You typically store input documents and AI models in the same Oracle Cloud account (tenancy), which makes it easier to setup in Oracle Analytics.

If your input documents and AI models are stored in different tenancies:
  • Make sure that the visibility of the storage bucket containing your input documents is public. See Change the visibility of a bucket.
  • Populate the input dataset for the data flow with individual document URLs instead of a single URL for the OCI bucket where documents are stored.
Data flows in Oracle Analytics can process up to 10,000 documents in one run. If you have more than 10,000 documents, in OCI's Object Storage & Archive Storage, create multiple buckets containing no more than 10,000 documents in each one. Then, create a separate dataset and data flow for each bucket, and use a sequence to sequentially process the data flows.

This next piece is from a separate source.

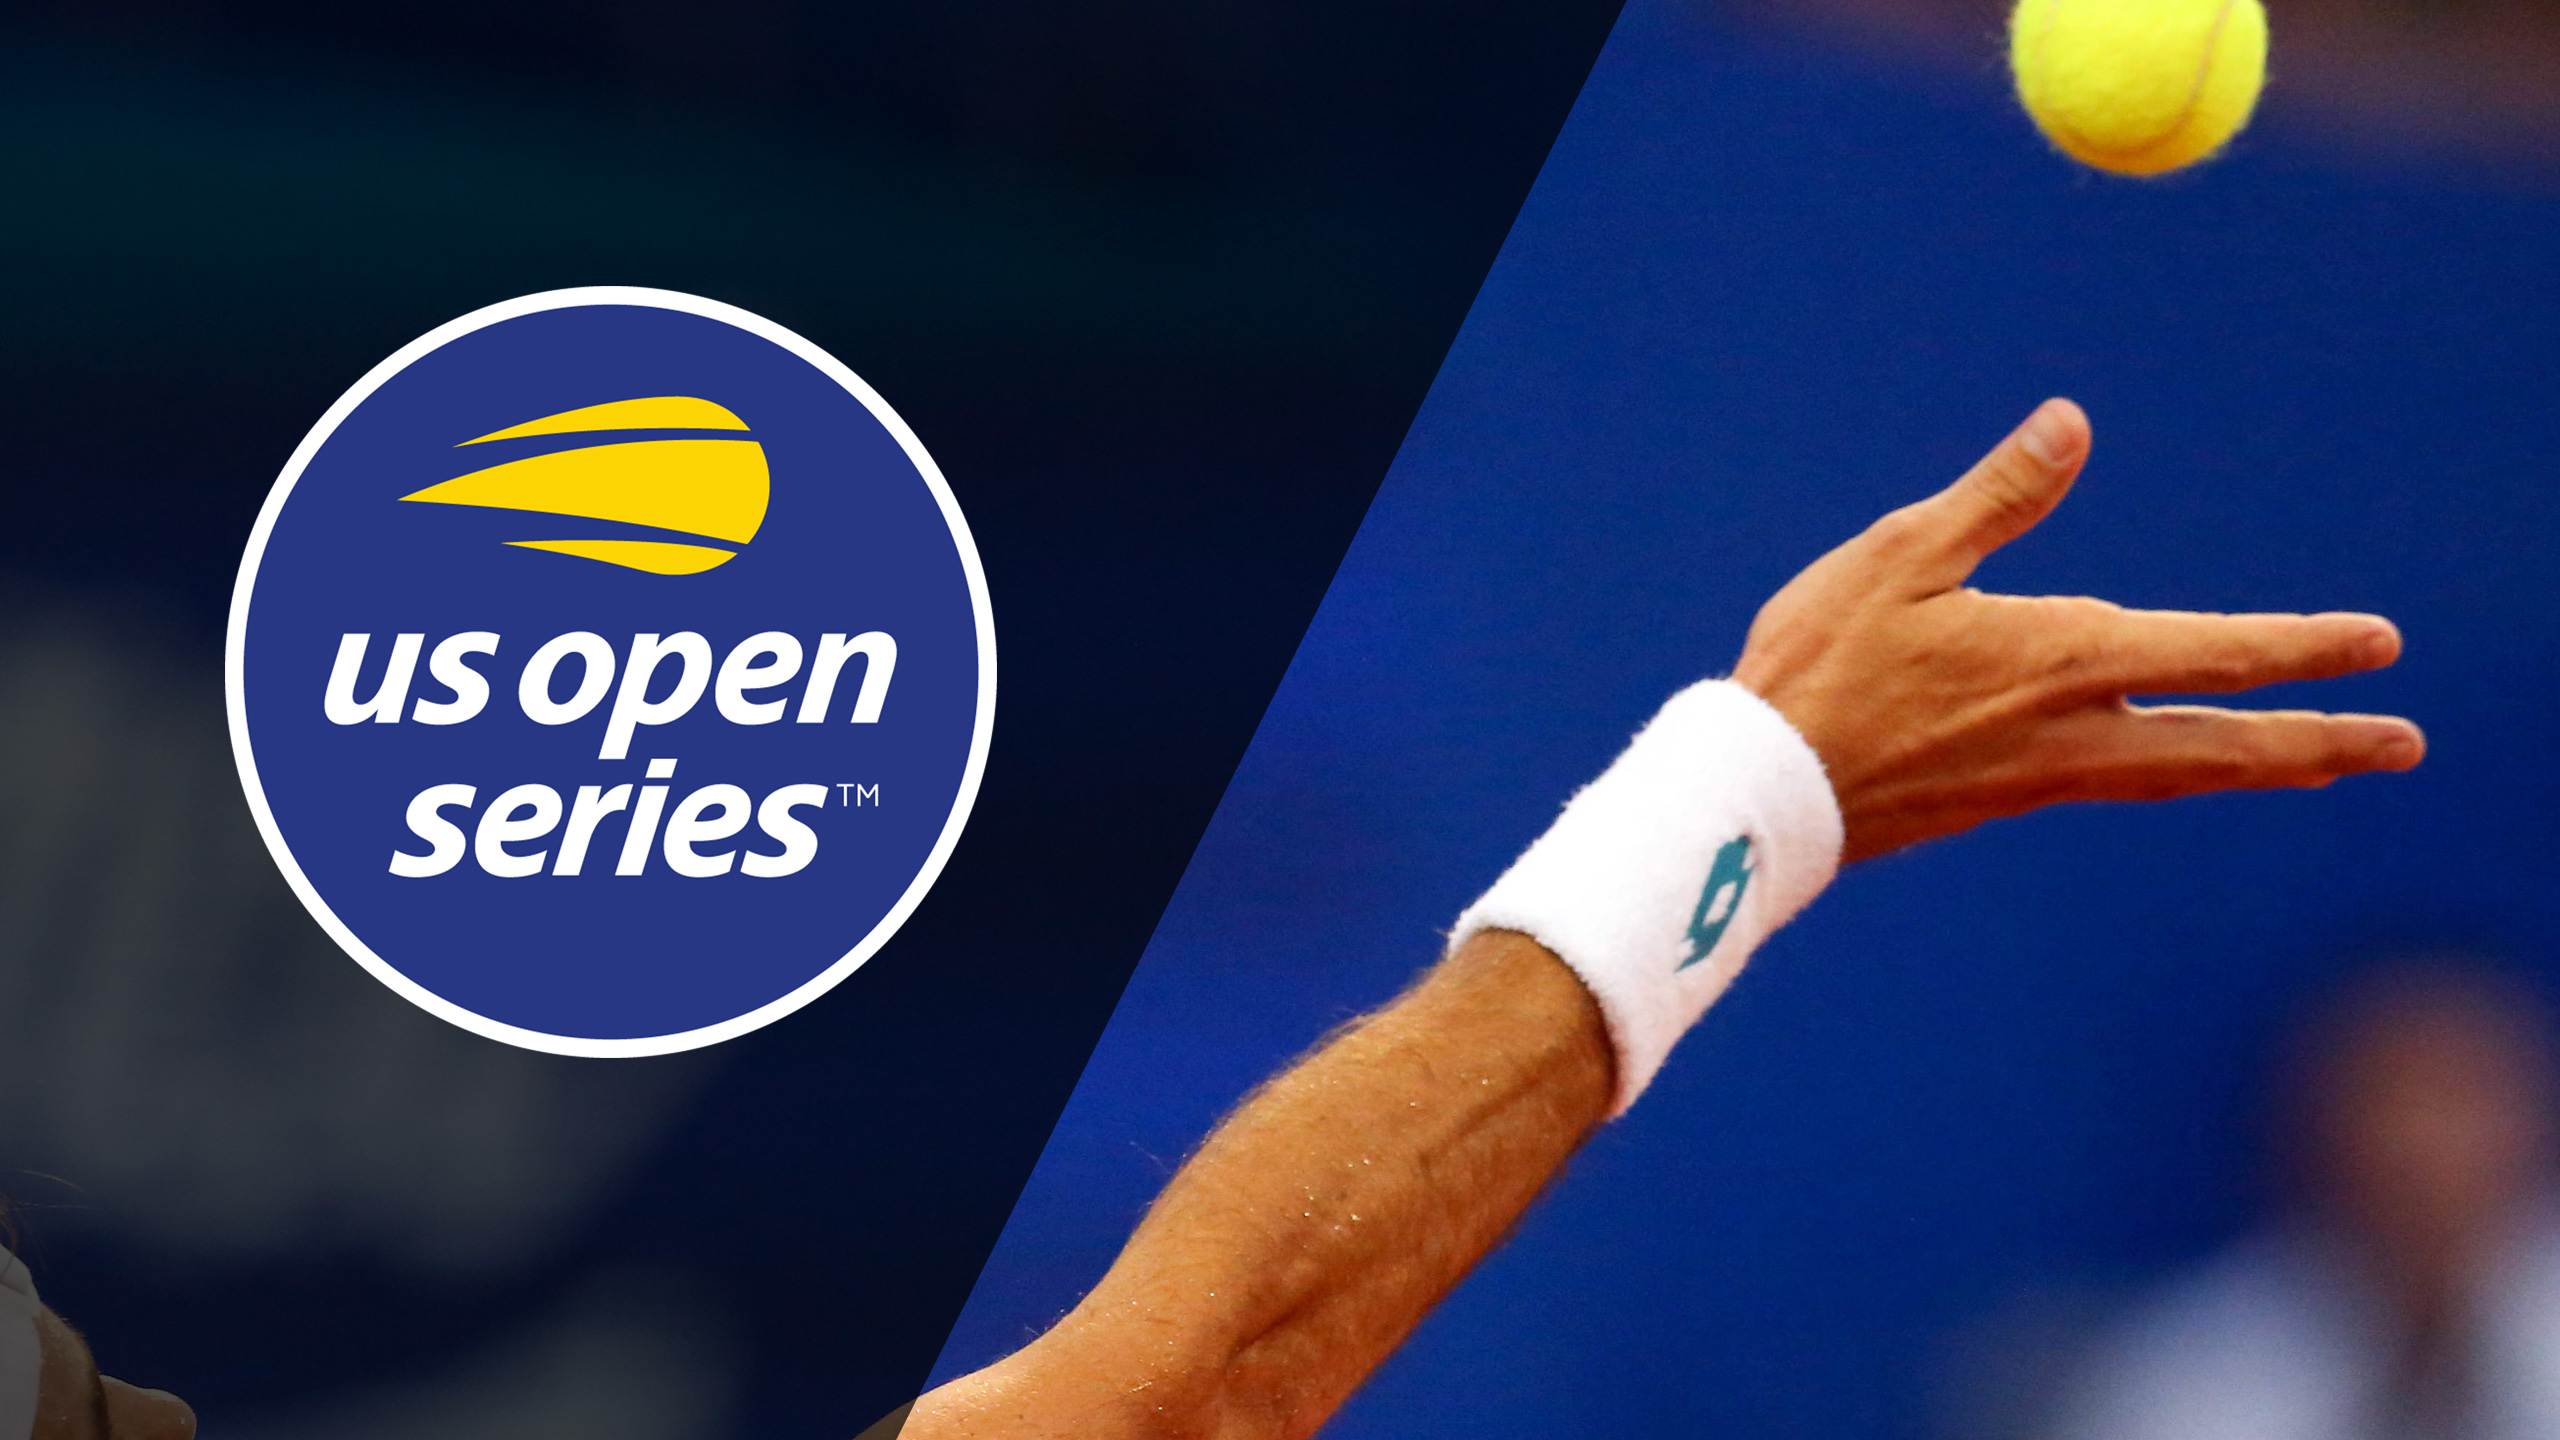 2018 US Open Series - BB&T Atlanta Open (Second Round)

You can use a private or public bucket that is accessible by the OCI user and that complies with OCI's generic limits on documents. See OCI documentation.

  1. In OCI Console, navigate to Object Storage & Archive Storage, and create a bucket to store your documents.

  2. In the Object Storage & Archive Storage area, click a bucket name, then under the Objects region of the page click Upload and upload your documents.
    Make sure that the bucket contains no extraneous files that you don't want to process. Oracle Analytics processes every file in the bucket.
  3. For each bucket, add the bucket URL to a comma-separated values (CSV) file.
    1. In Object Storage, select the bucket to display the documents in the Objects dialog.
    2. Copy the URL from the browser's URL bar.
    3. Create a CSV file with fields for ID, Bucket Name, and Bucket URL.
    4. Paste the bucket URL into the CSV file as the Bucket URL value.
      Alternatively, if your input documents and AI models are stored in different tenancies, add them individually to the CSV file.
      Create a CSV file with fields for ID, Document Name, and Document URL. For each document in Object Storage, click the ellipsis icon ellipsis icon, and select View Object Details, and copy the Name value and URL Path (URI) value.

      Paste the Name value as Document Name, and paste the URL Path (URI) value as Document URL.

  4. In Oracle Analytics, for each bucket that you're using to store your documents, click Create, then Dataset.
  5. Upload the CSV file that you created in Step 3, and save the dataset.
    Repeat steps 4 and 5 for each bucket. If you have more than 10,000 documents, create multiple buckets of up to 10,000 documents and create a separate dataset for each bucket.